They report that the best baits to catch those trout are large, peach-colored fluffy eggs and rainbow-tinted spoons. This past week the rainbow trout Thomas Buoyant Spoon proved successful. Yellow Berkley Eggs are always a good bet for a lot of action; they’re also seeing a nice catch with the XFactor Bubblegum Pink Eggs. Sculpins continue to be the best lure for a brown. “Don't let the ideal autumn weather pass without a fishing excursion.”
(updated 9-16-2020) Sportsman’s White River Resort (870-453-2424) says rainbow trout have been biting well the past several days, but brown trout have not been as good.

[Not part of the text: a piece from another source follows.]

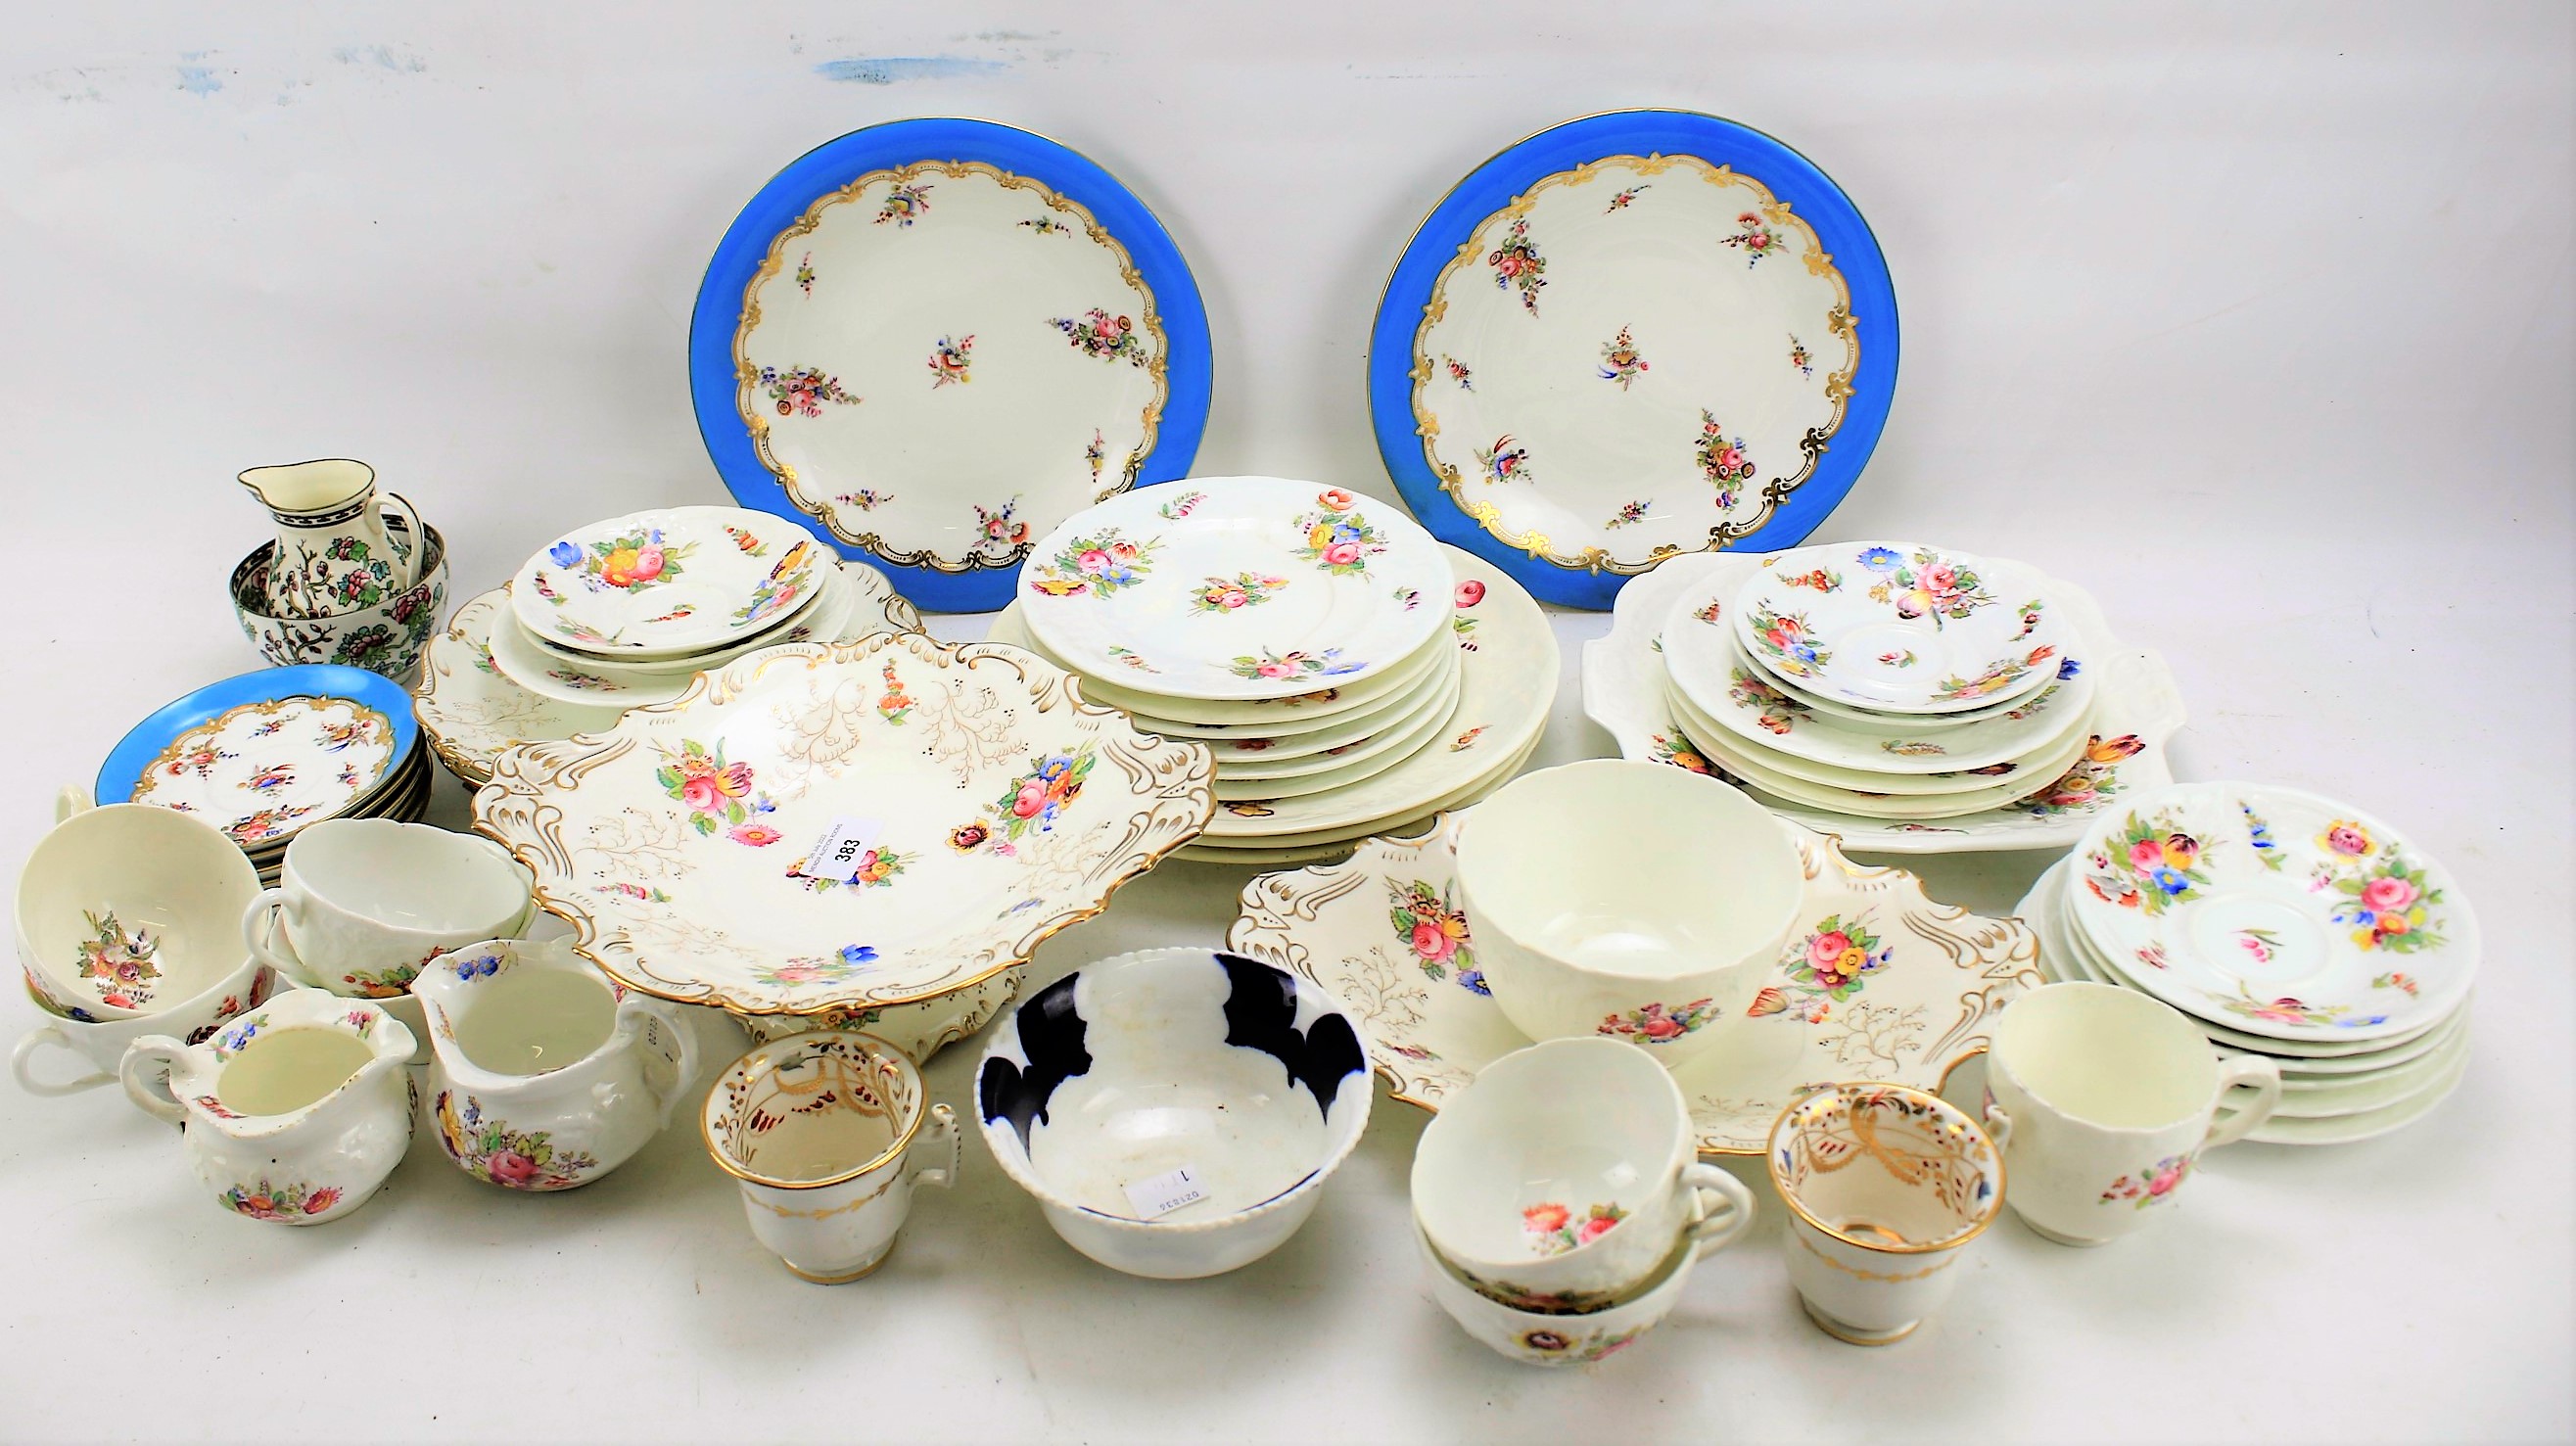 An assortment of 19th century and later English porcelain.

Power Worms and shrimp are the best bait. River clarity is “really good,” they say, and the river level has improved to normal depth with four to eight generators running this week. Overall, they term the fishing as excellent now.
(updated 9-16-2020) John Berry of Berry Brothers Guide Service in Cotter (870-435-2169) said Tuesday that during the past week they have had several no rain, cooler temperatures and moderate winds. The lake level at Bull Shoals fell 2.3 feet to rest at 14.3 feet above seasonal power pool of 661 feet msl. This is 19.7 feet below the top of flood pool. Upstream, Table Rock rose 0.1 foot to rest at 1.2 feet below seasonal power pool and 15.2 feet above the top of flood pool. Beaver Lake fell 0.1 foot to rest at 0.3 foot below seasonal power pool and 8.9 feet below the top of flood pool. The White had heavy generation and no wadable water. Norfork Lake fell 1.3 feet to rest 7.1 feet above seasonal power pool of 555.75 feet msl and 17.1 feet below the top of flood pool. The Norfork Dam tailwater had wadable water at night. Bull Shoals and Norfork Lakes are dropping at an increased rate, and wadable water could be weeks away.
John says the grasshopper bite is still around. Use a shorter leader and bang the bank. John’s favorite fly is a western pink lady size 8. Add a dropper (size 14 pheasant tail nymph) to increase your catch.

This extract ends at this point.